Mon premier jet en trois étapes

La toute première fois que j’ai tenté d’écrire un roman — j’avais neuf ans —, j’ai ouvert un cahier et j’y suis allée à la main, uniquement armée d’un stylo. Ça n’a pas duré longtemps (quelques pages). Quand je m’y suis remise, en classe de sixième (française), j’ai essayé d’écrire directement sur l’ordinateur. Nous n’en possédions pas, mais mon père avait droit à un portable dans le cadre de son travail, et je pouvais l’utiliser pendant les périodes où il le rapportait à la maison. (Mes textes étaient enregistrés sur une disquette.)

Cette nouvelle technique m’a permis d’aller beaucoup plus loin dans mes projets. J’ai découvert, non seulement que taper sur un clavier était plus rapide et moins fatigant que d’écrire manuellement, mais aussi que la possibilité de supprimer, de modifier, de tester différentes versions pour les comparer me convenait beaucoup mieux. J’ai toujours été perfectionniste, et écrire à la main me mettait devant l’alternative frustrante de raturer mon texte jusqu’à le rendre illisible, ou de devoir le laisser dans une forme instatisfaisante.

Pour autant, durant toute mon adolescence, j’ai continué à alterner entre les cahiers et l’ordinateur. En effet, nous n’avons eu notre premier ordinateur à nous que quand j’avais presque 15 ans, et encore là, il fallait le partager avec les trois autres membres de ma famille (et écrire dans le salon, au vu de tous). Le papier me donnait la liberté d’écrire où et quand je le souhaitais, sans dépendre de personne. J’y gribouillais aussi mes idées mal dégrossies, mes listes de noms, et mes premières versions pleines de fautes quand j’ai commencé à écrire en anglais. Mon premier brouillon, c’était pour sortir l’histoire, l’enchaînement des actions; puis, en réécrivant à l’ordinateur, j’en profitais pour corriger ma grammaire et mon vocabulaire.

J’ai repris ce fonctionnement en deux temps lorsque j’étais en Pologne (en 2008), et que j’ai sérieusement essayé d’écrire (de la fiction) en anglais pour la dernière fois.
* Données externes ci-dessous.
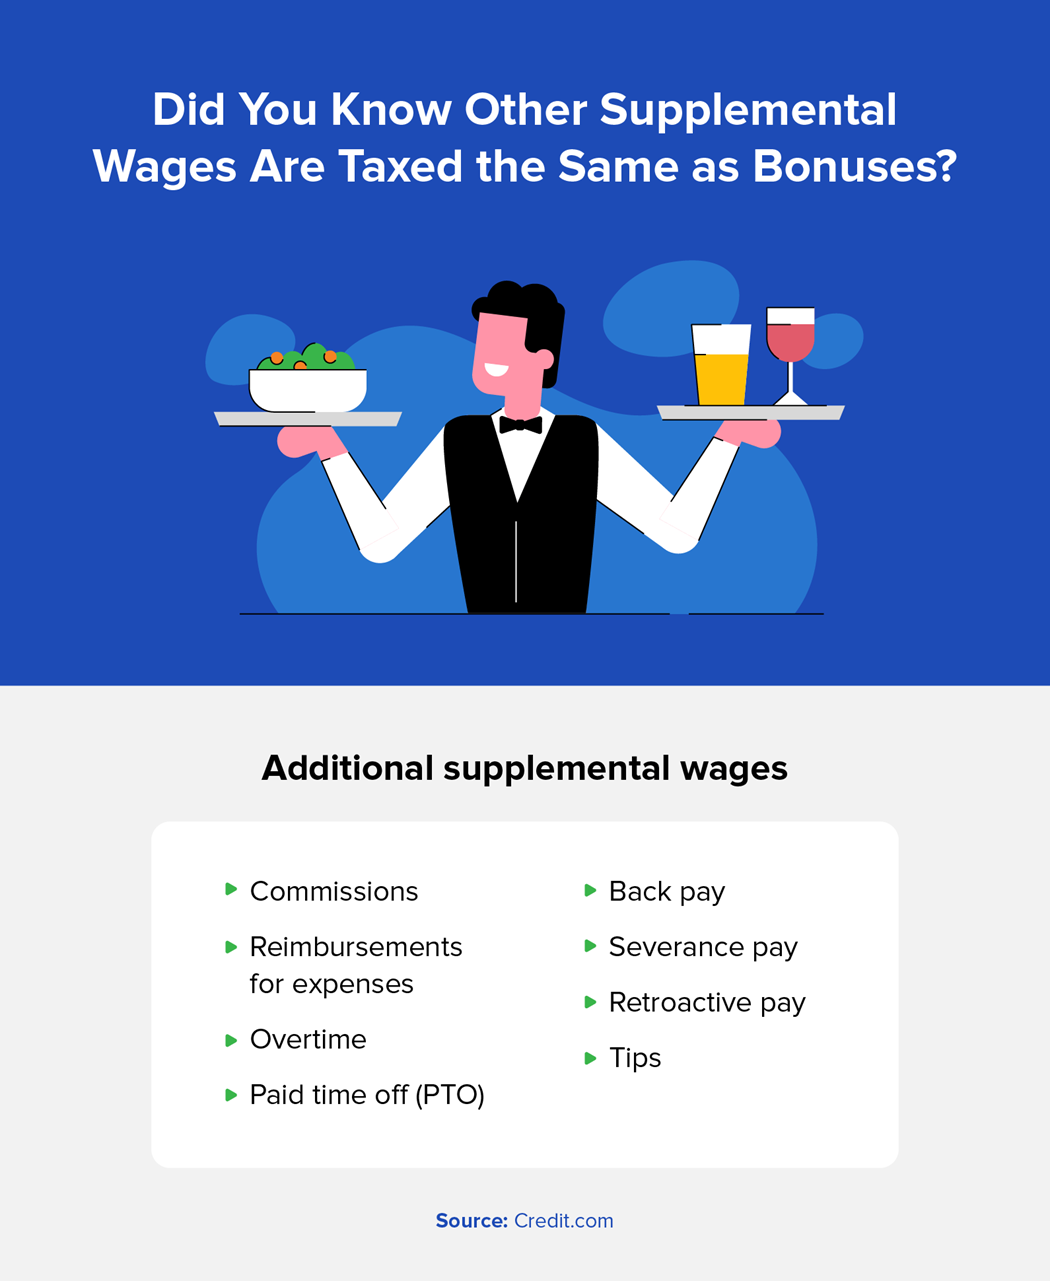 Did you know other supplemental wages are taxed the same as bonuses?
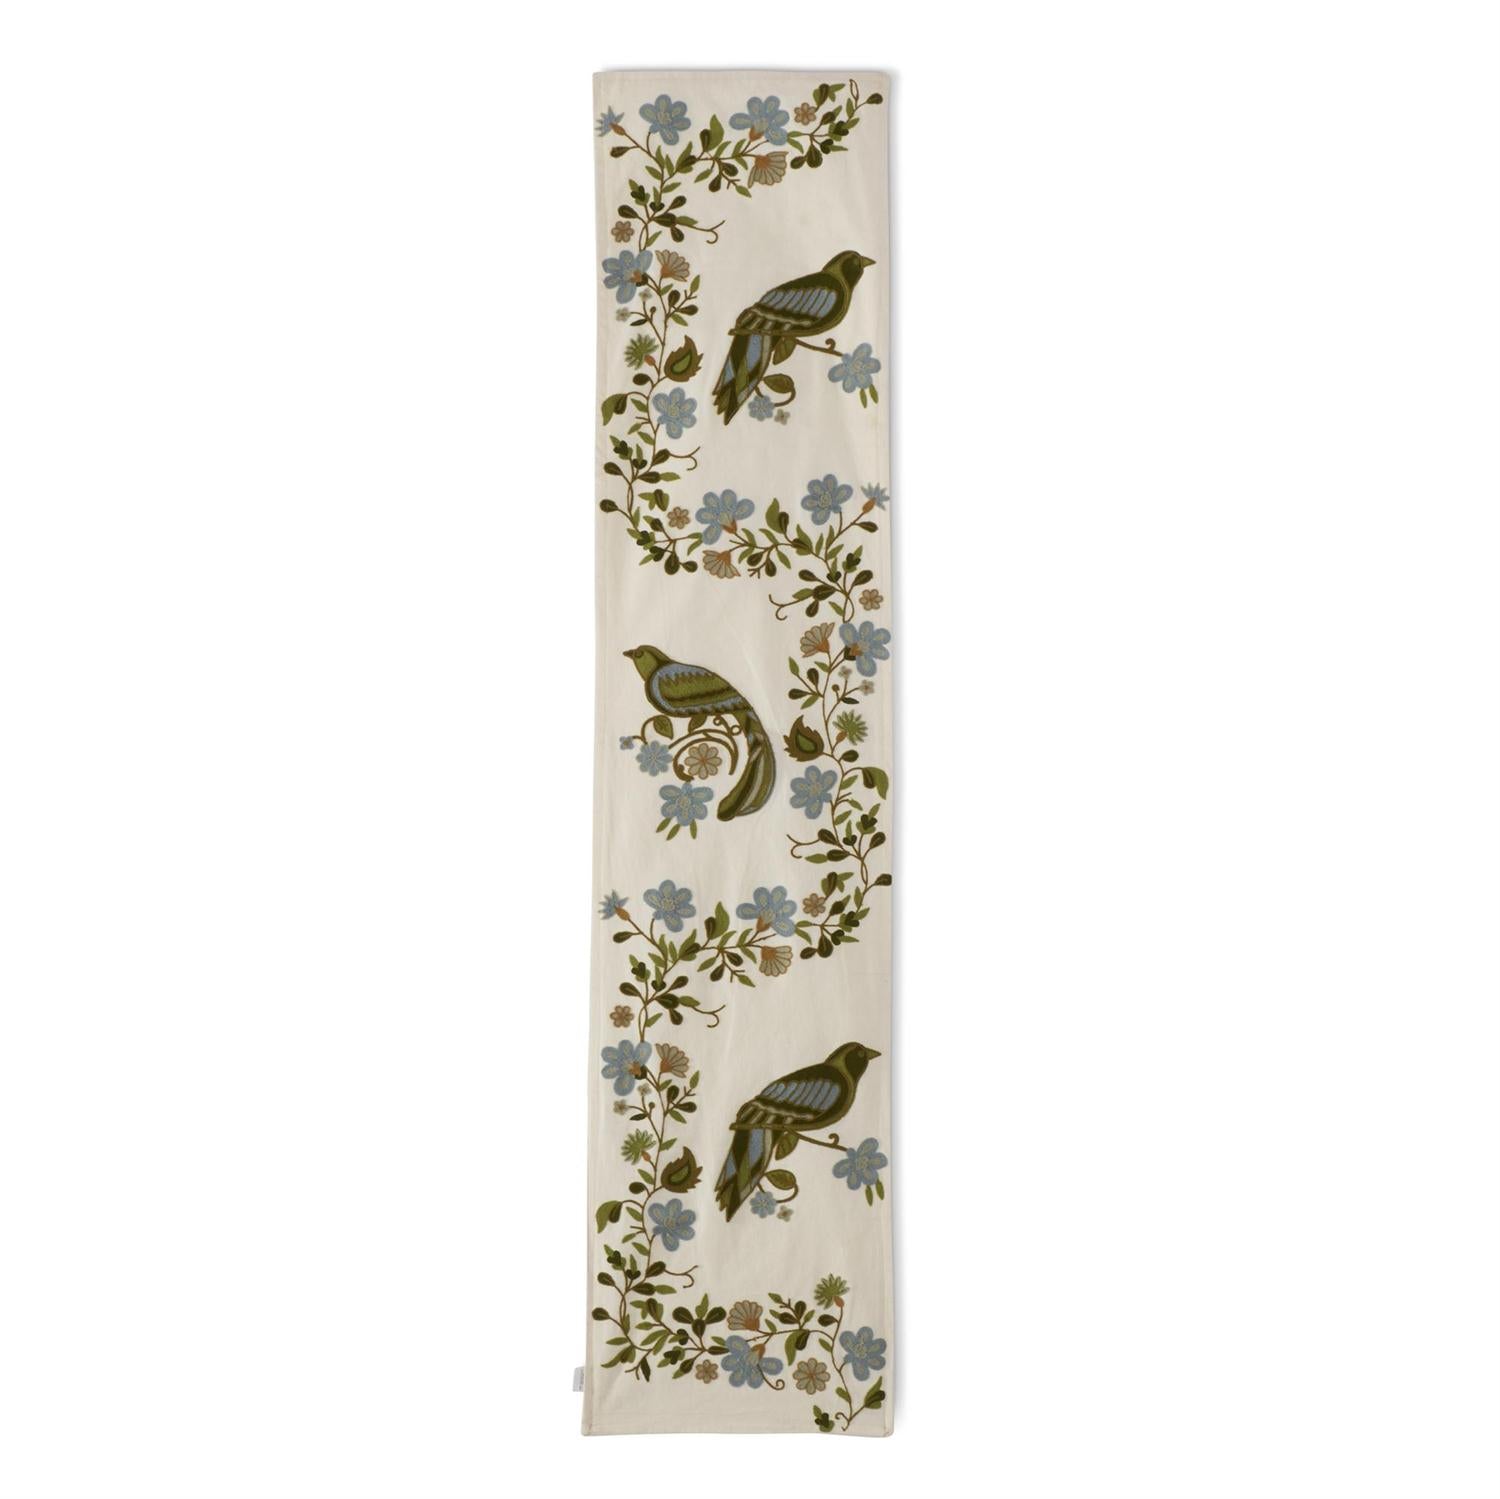 72 INCH BLUE GREEN FLORAL & BIRD EMBROIDERED TABLE RUNNER

Ci-dessus, mon cahier de l’époque.

À part ça, j’avais désormais mon propre ordinateur, et j’ai vite pris l’habitude d’écrire en français directement sur ma machine. Ça va forcément plus vite que d’écrire deux fois plus ou moins la même chose, non? C’est du moins ce que je croyais jusqu’en 2016, quand j’ai repris l’écriture après une pause de plusieurs années. J’étais rouillée, et je connaissais assez bien le milieu pour me rendre compte à quel point j’écrivais lentement. Il y a des gens qui abattent mille mots par heure ou plus, et moi, j’étais là, les yeux dans le blanc de ma page, un mot après l’autre, entrecoupés de longues réflexions — non, finalement, toute cette phrase est nulle, je l’efface…

Et il y avait un côté décourageant dans cette lenteur, un côté stressant dans cet écran immobile et trop lumineux qui me renvoyait dans la face, sans jamais ciller, la preuve de mon incapacité. Puis Chloé Duval m’a parlé de Rachel Aaron. Et la façon de faire de cette auteure américaine, même si j’ai dû l’adapter un peu, a changé la donne. Oui, elle m’a vraiment débloquée. Et c’est de ça que je veux vous parler aujourd’hui.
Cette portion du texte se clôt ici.